◆ **Source records**
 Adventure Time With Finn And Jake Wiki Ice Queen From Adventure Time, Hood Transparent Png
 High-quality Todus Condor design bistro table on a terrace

* * *

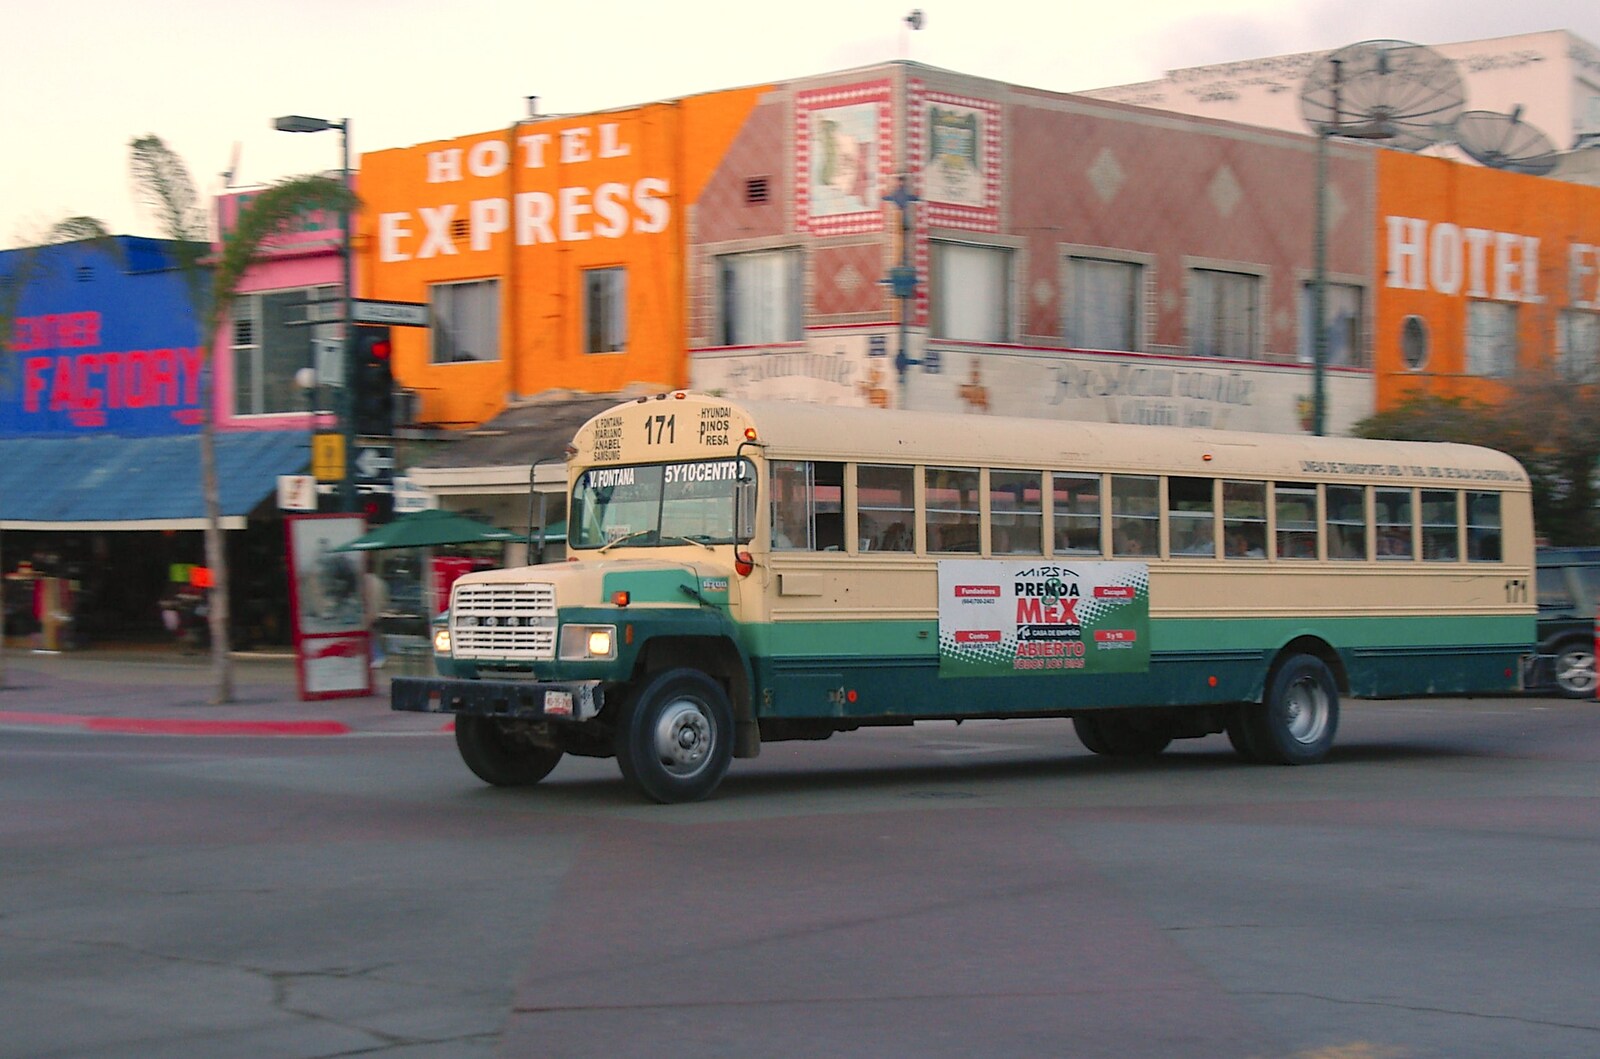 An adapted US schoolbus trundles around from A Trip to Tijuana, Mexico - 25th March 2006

◆ **What is needed**
Extract from the listing above the lines between the line containing "Adventure Time With" and the line containing "High-quality Todus Condor", keeping both of those lines. Output nothing else.

◆ **Solution to this exercise**
 Adventure Time With Finn And Jake Wiki Ice Queen From Adventure Time, Hood Transparent Png
 High-quality Todus Condor design bistro table on a terrace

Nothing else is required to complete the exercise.